**Raw data:**
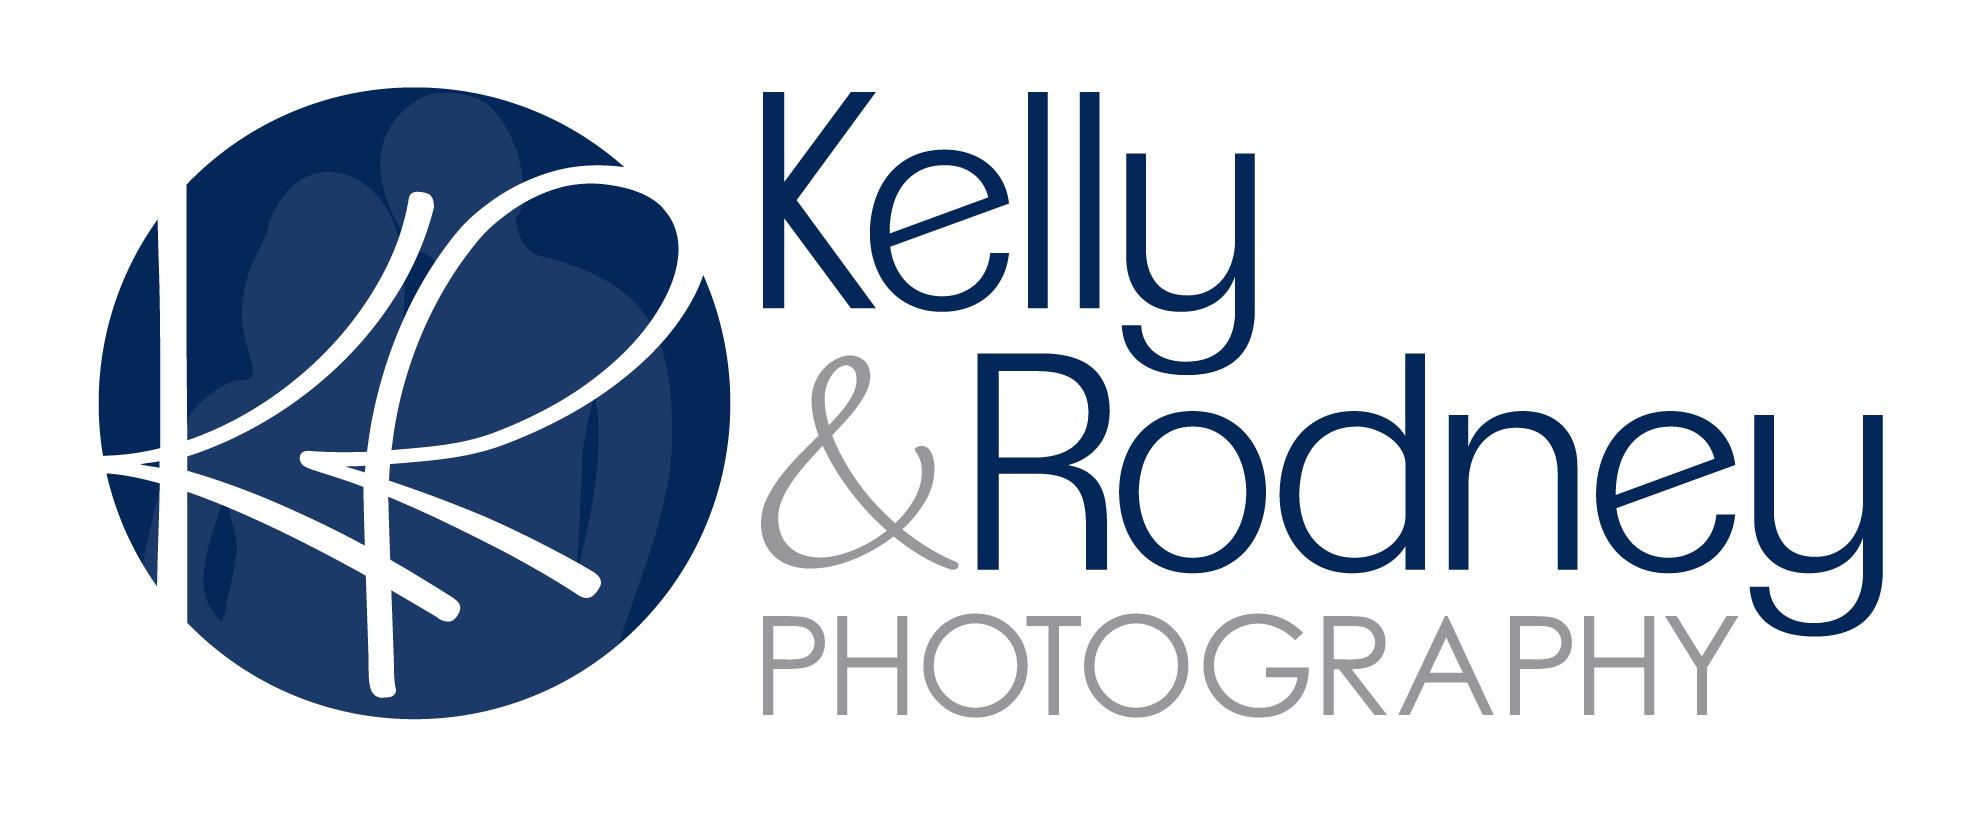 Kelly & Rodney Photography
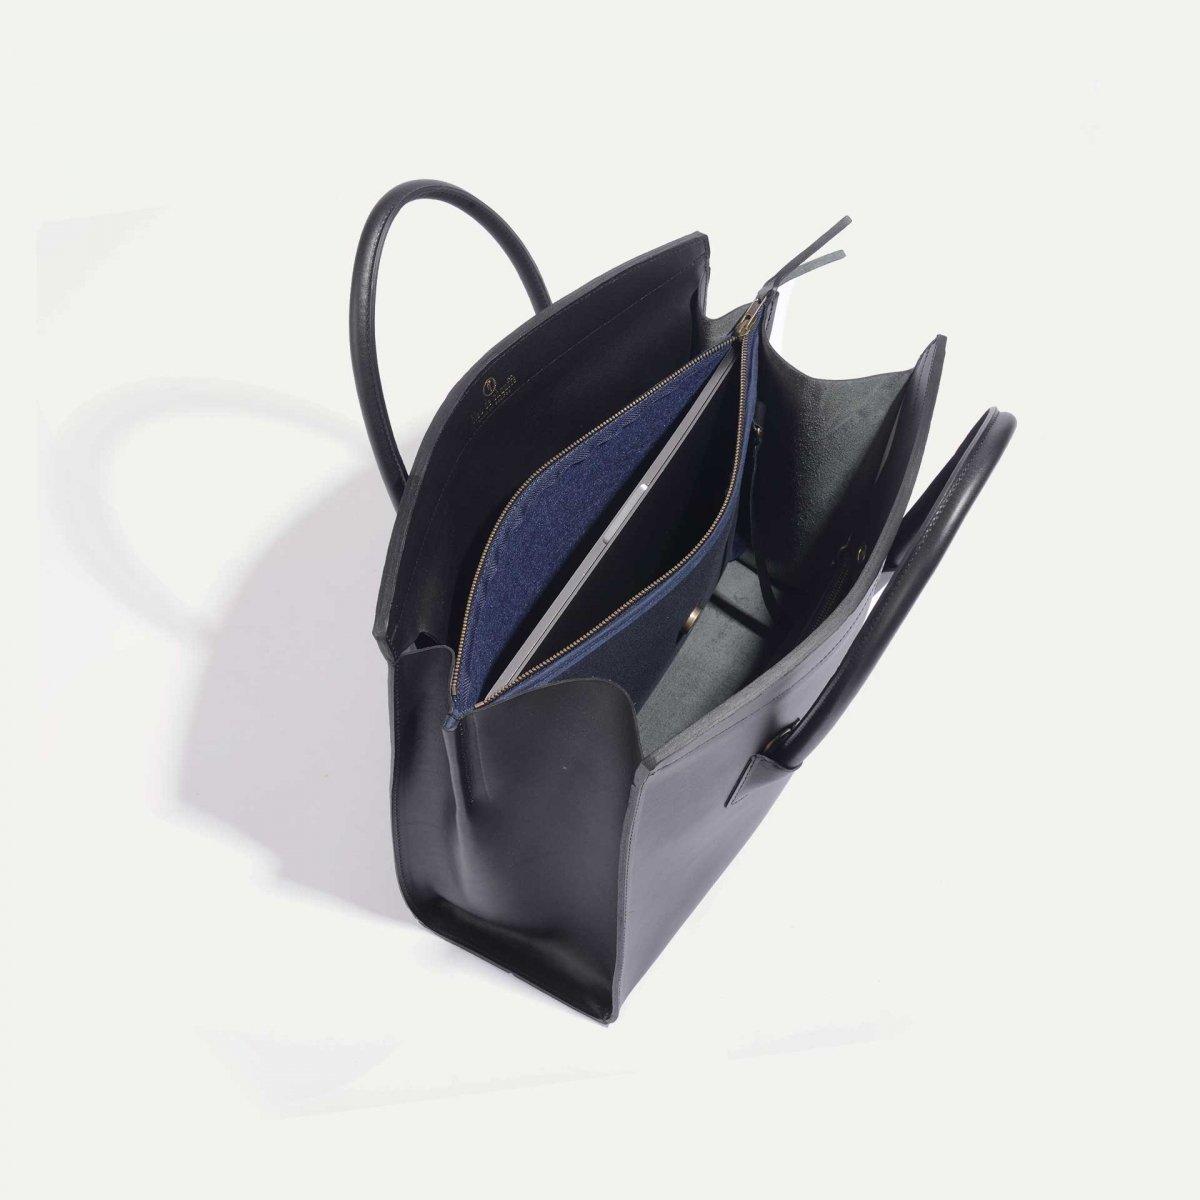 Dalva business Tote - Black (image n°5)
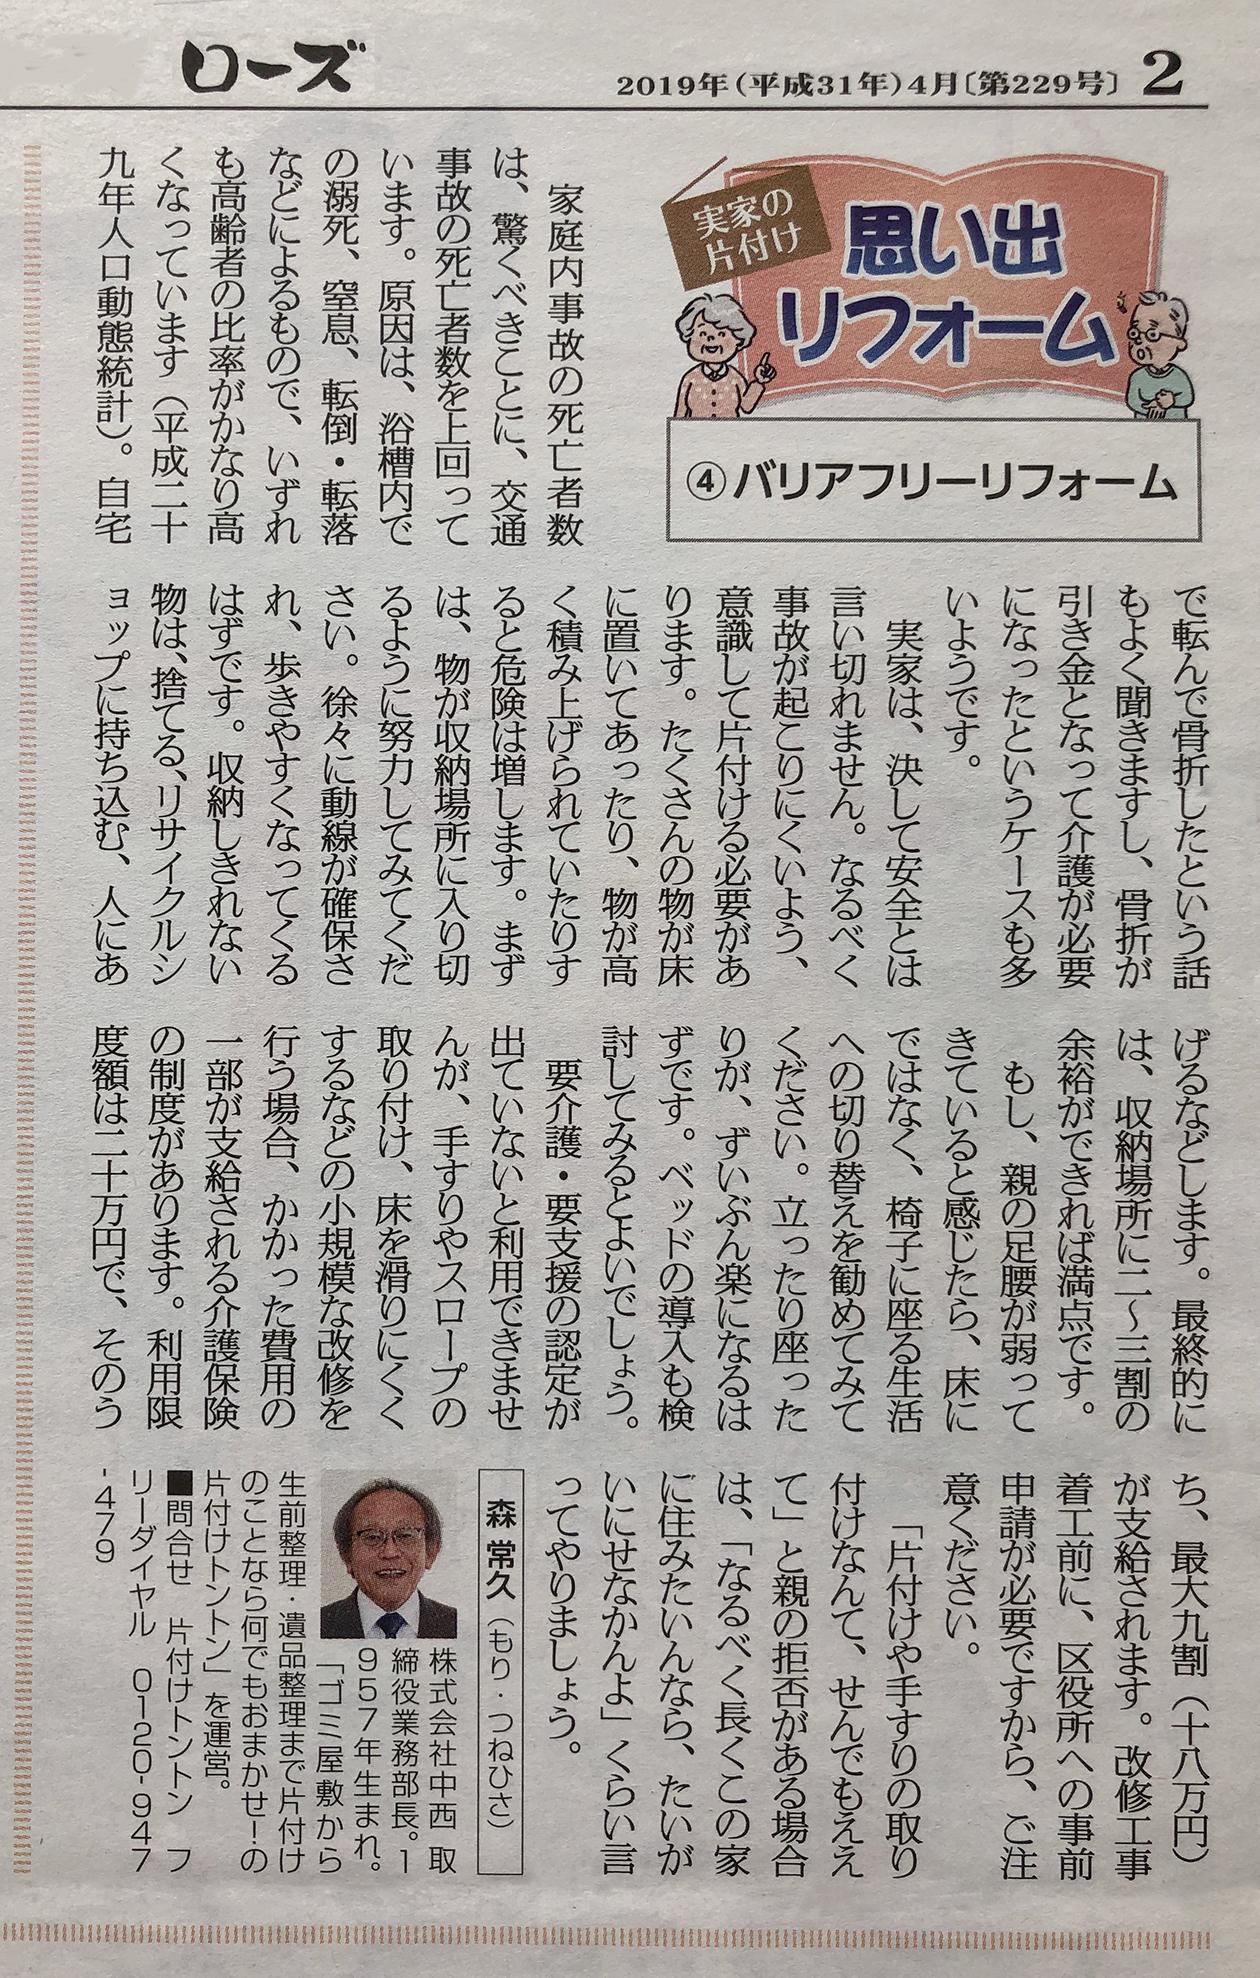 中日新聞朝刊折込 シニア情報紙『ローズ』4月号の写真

**Your objective:**
Could you transcribe all of the data exactly and omit the pictures?

**Solution to this task:**
 Kelly & Rodney Photography
 Dalva business Tote - Black (image n°5)
 中日新聞朝刊折込 シニア情報紙『ローズ』4月号の写真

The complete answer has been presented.